A function [math]\displaystyle{ v(x,t):\Omega\times [0,T]\to \R }[/math] is a solution to the Allen–Cahn equation if it solves^[4]

[math]\displaystyle{ \partial_t v-\Delta_x v = \frac{1}{\varepsilon^2}f(v),\quad \Omega \times[0,T] }[/math]

where

• [math]\displaystyle{ \Delta_x }[/math] is the Laplacian with respect to the space [math]\displaystyle{ x }[/math],
• [math]\displaystyle{ f(v)=F'(v) }[/math] is the derivative of a non-negative [math]\displaystyle{ F\in C^1(\R) }[/math] with two minima [math]\displaystyle{ F(\pm 1)=0 }[/math].

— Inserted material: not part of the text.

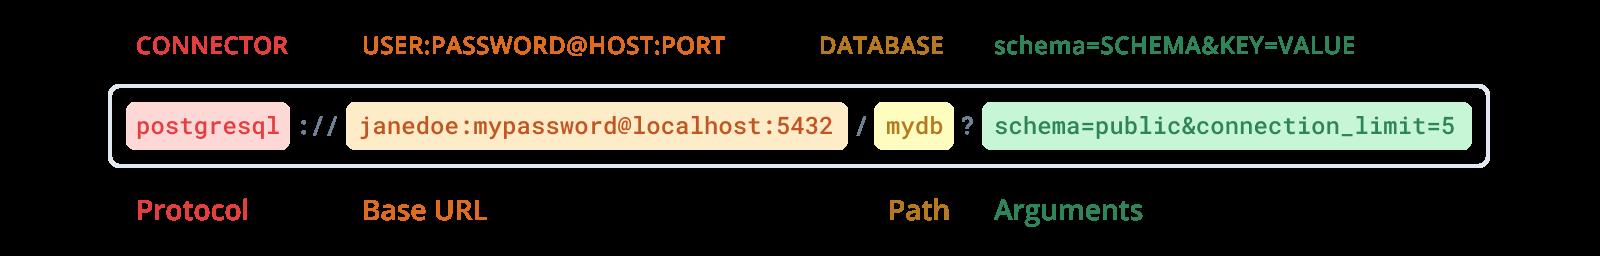 Database URL breakdown
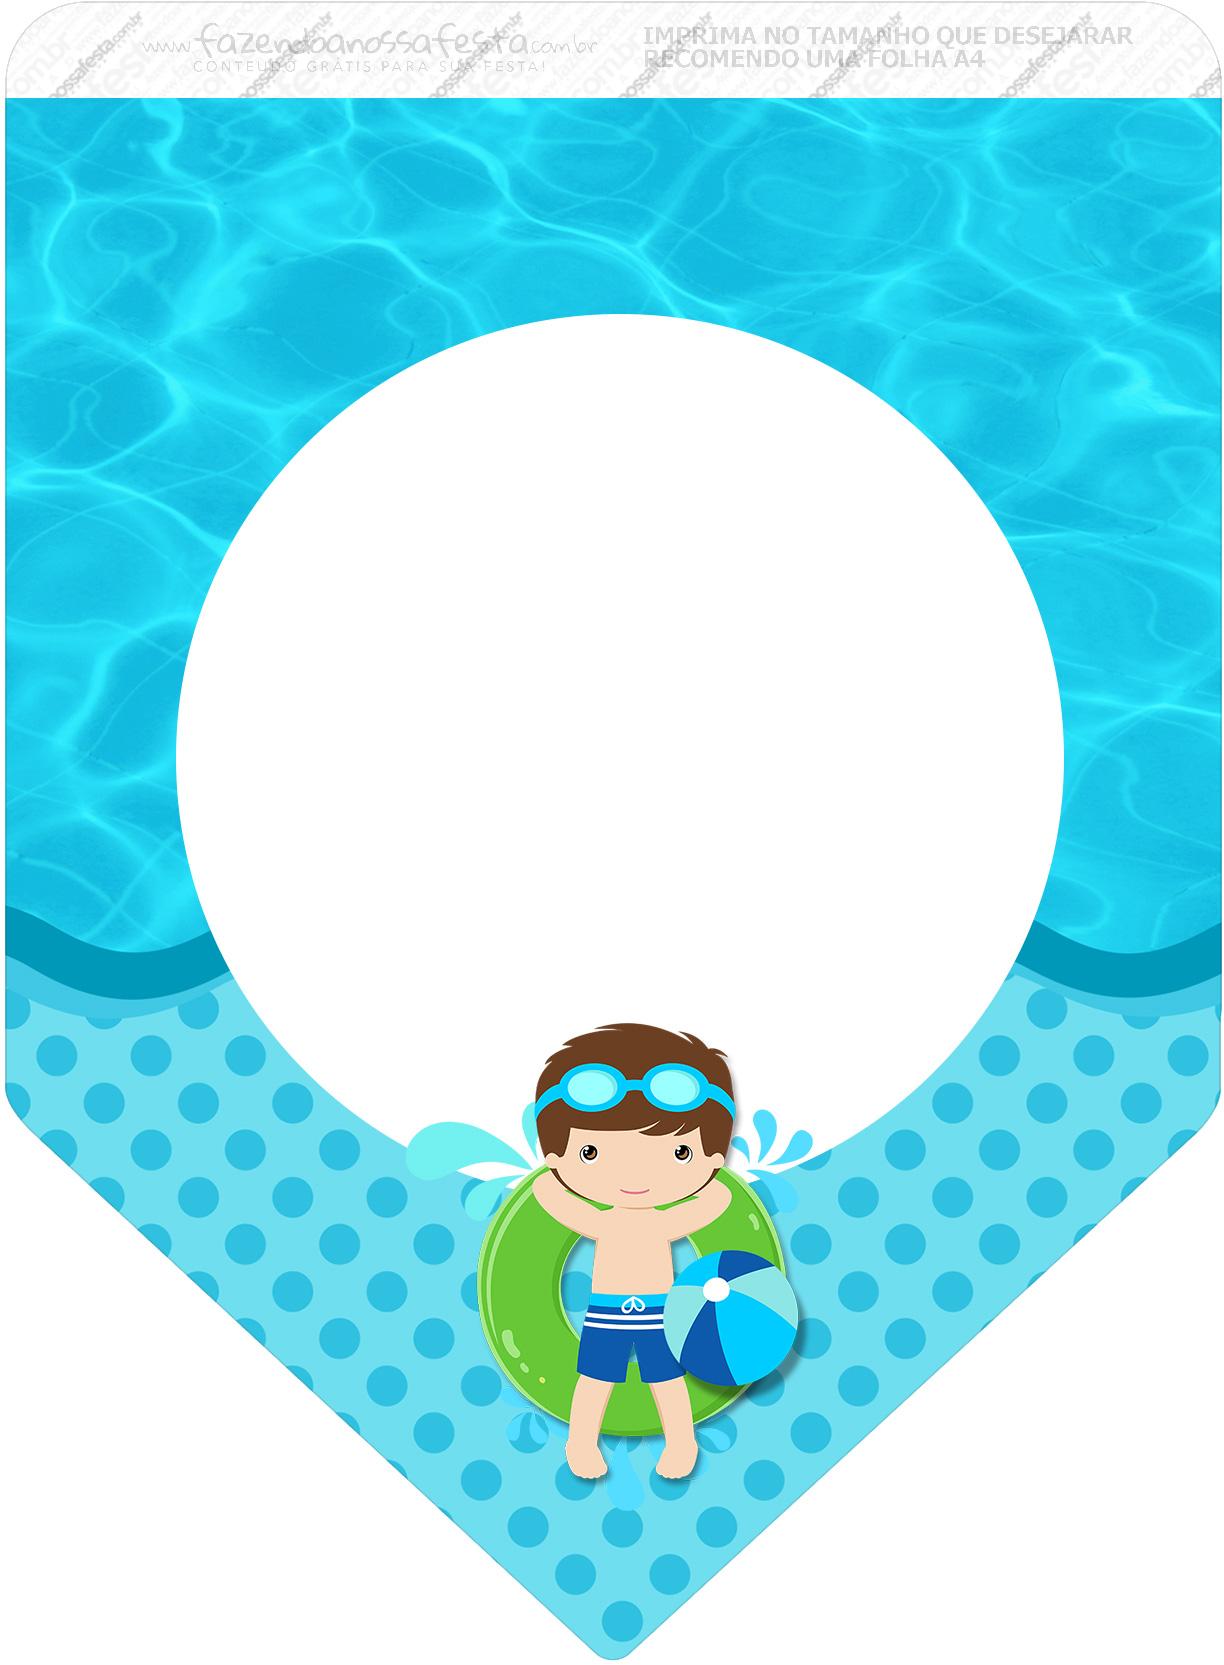 Bandeirinha Varalzinho 3 Pool Party Menino

Usually, one has the following initial condition with the Neumann boundary condition

[math]\displaystyle{ \begin{cases} v(x,0) = v_0(x), & \Omega \times \{0\}\\ \partial_n v = 0, & \partial \Omega \times [0,T]\\ \end{cases} }[/math]

where [math]\displaystyle{ \partial_n v }[/math] is the outer normal derivative.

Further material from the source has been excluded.